NATO leaders continue to prepare for conflict further and further from the North Atlantic shores. Chicagoan Rick Rozoff, who organizes the Stop NATO newslist, notes that in December 2011, Romania’s Senate ratified an agreement with the U.S. to station 24 Standard Missile-3 interceptors in Romania, located immediately across the Black Sea from Russia. A comparable deployment is planned for Poland, supplementing the Patriot Advanced Capability-3 missiles already present there. A missile defense radar facility will be placed in Turkey. And there is talk of converting dozens if not scores of warships to Lockheed Martin’s Aegis Combat System, equipping each ship with radar and missiles systems to project American power in what NATO has called the “European Phased Adaptive Approach.”. NATO is forging ahead on all fronts, although civilian leaders in Europe, in light of the region’s growing economic crisis, could much better afford a retirement party for NATO than the programs to be ratified at the weapon-fest planned for Chicago.

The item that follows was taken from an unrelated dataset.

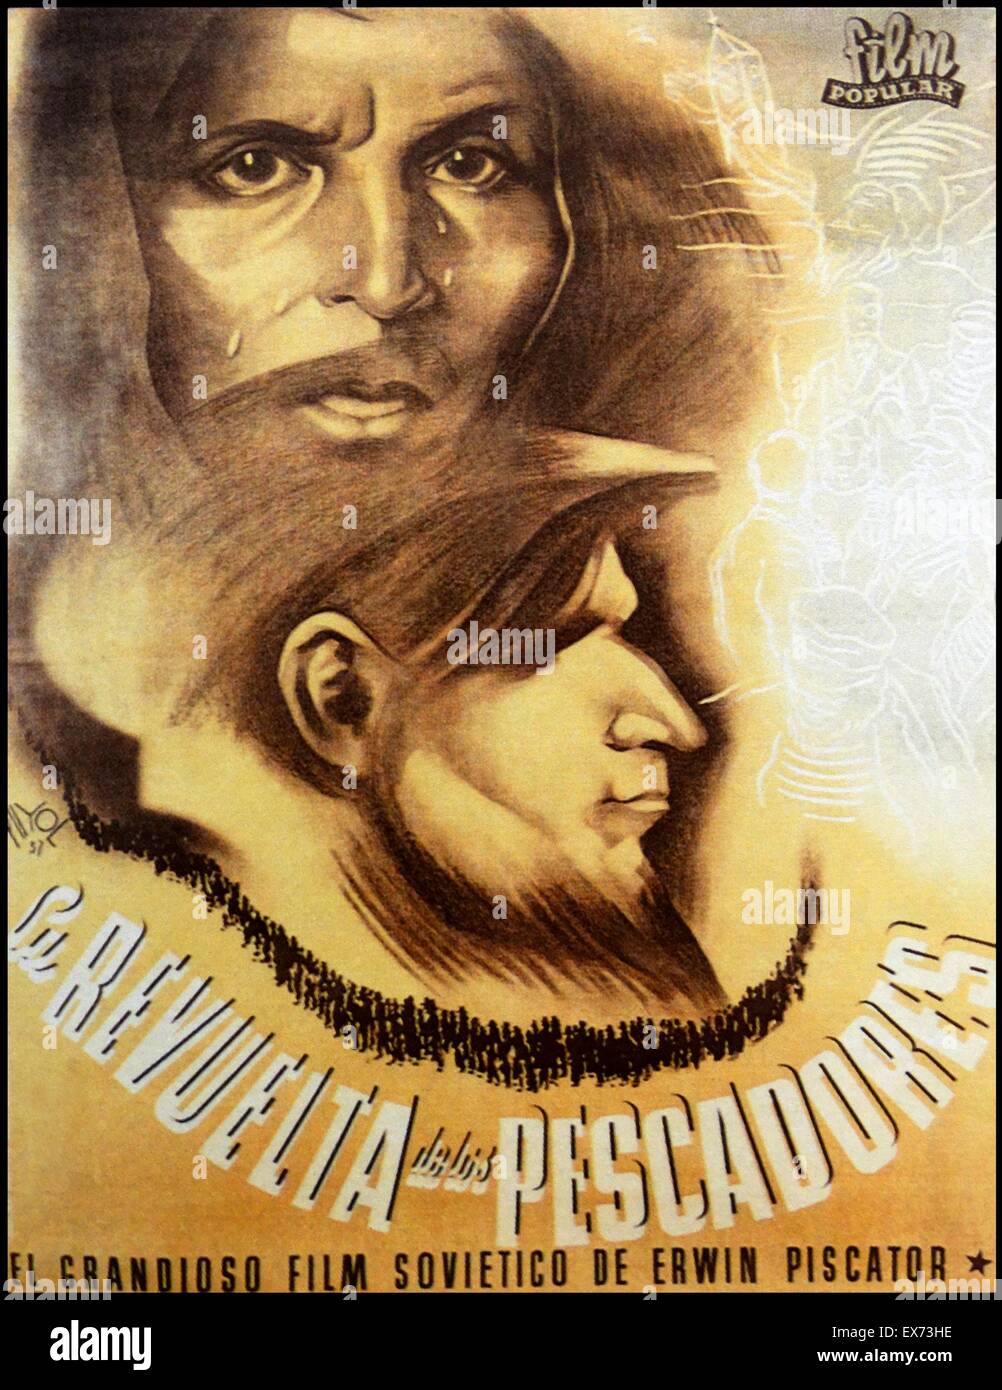 1936 Poster for the Spanish edition of the Soviet epic film, Revolt of the Fishermen by the film director, Erwin Piscator 1934 Stock Photo
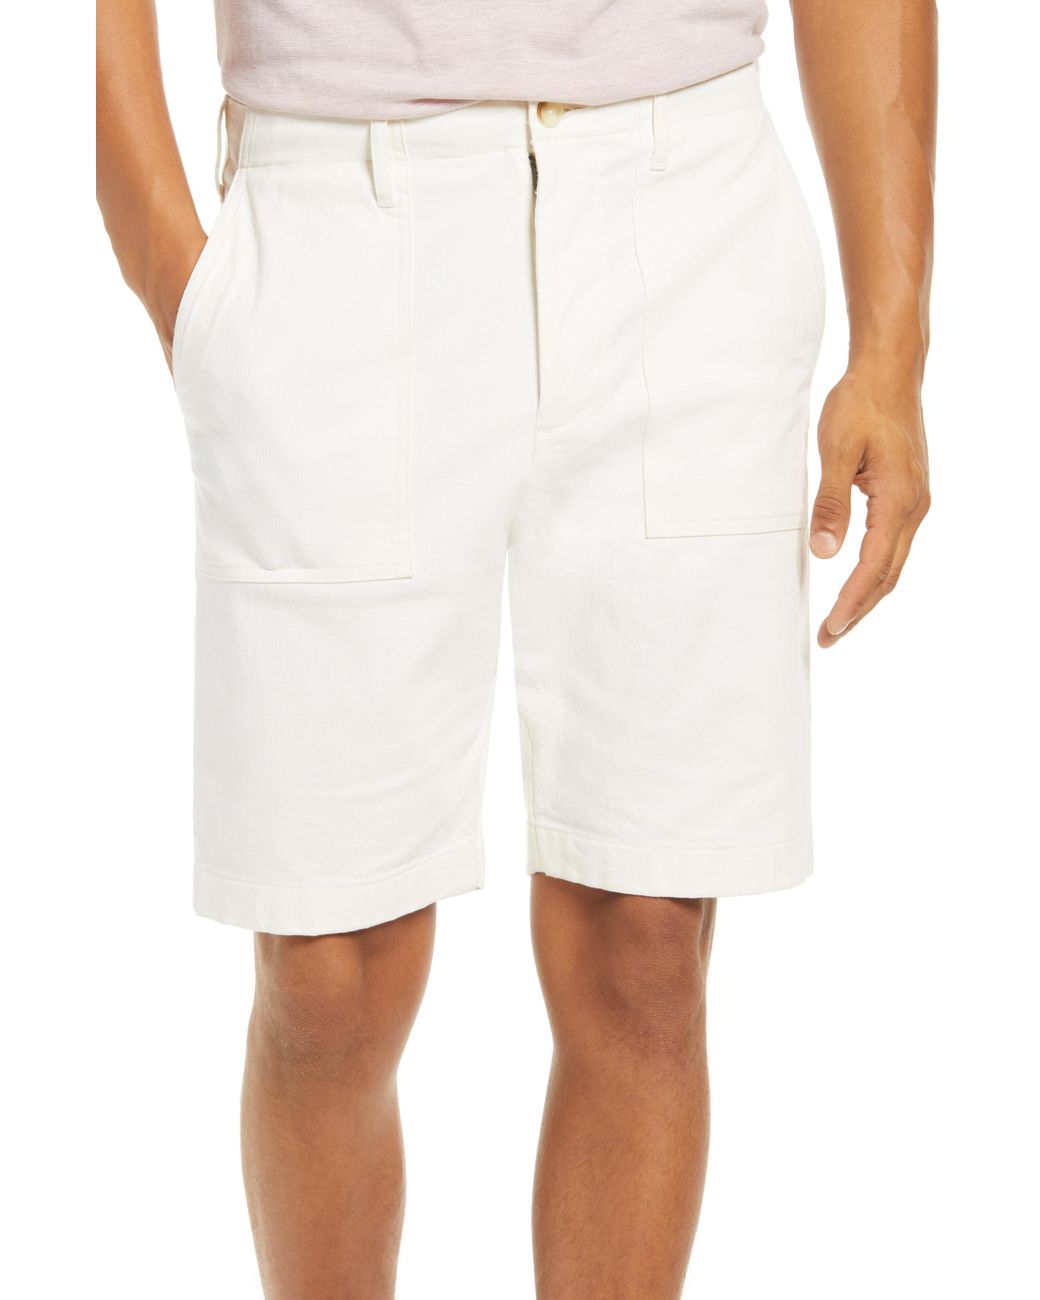 Vince Cotton Slim Fit Utility Shorts in White for Men - Lyst

Hillary Clinton, President Obama, former war-hawk senator Emanuel and other undisputed militarists in government seem to see Chicago as a city obsessed with power, a city determined above all to be tough and strong. Carl Sandburg famously depicted Chicago as the city of big shoulders, and it often seems too easy for political leaders and generals to confuse the strength involved in shouldering shared burdens with the very different kind of “toughness” that drives a fist or a nightstick. Sandberg perhaps made this distinction clear in a very different poem:

BUTTONS

I HAVE been watching the war map slammed up for
advertising in front of the newspaper office.
Buttons—red and yellow buttons—blue and black buttons—
are shoved back and forth across the map. A laughing young man, sunny
with freckles,
Climbs a ladder, yells a joke to somebody in the crowd,
And then fixes a yellow button one inch west
And follows the yellow button with a black button one
inch west.

(Ten thousand men and boys twist on their bodies in
a red soak along a river edge,
Gasping of wounds, calling for water, some rattling
death in their throats.)
Who would guess what it cost to move two buttons one
inch on the war map here in front of the newspaper
office where the freckle-faced young man is laughing
to us?
—Carl Sandburg

The NATO leaders who will be pushing the expensive buttons being purchased now, deploying weapons all over the world, won’t see the cost. They won’t see what it cost families in the Zhare district of Afghanistan’s Kandahar province on November 23rd when a NATO plane mistook six of their children, who will forever now be aged from four to twelve years old, for insurgents. Abdul Samad, an uncle of four of the children, said his relatives were working in fields near their village when the aircraft attacked without warning.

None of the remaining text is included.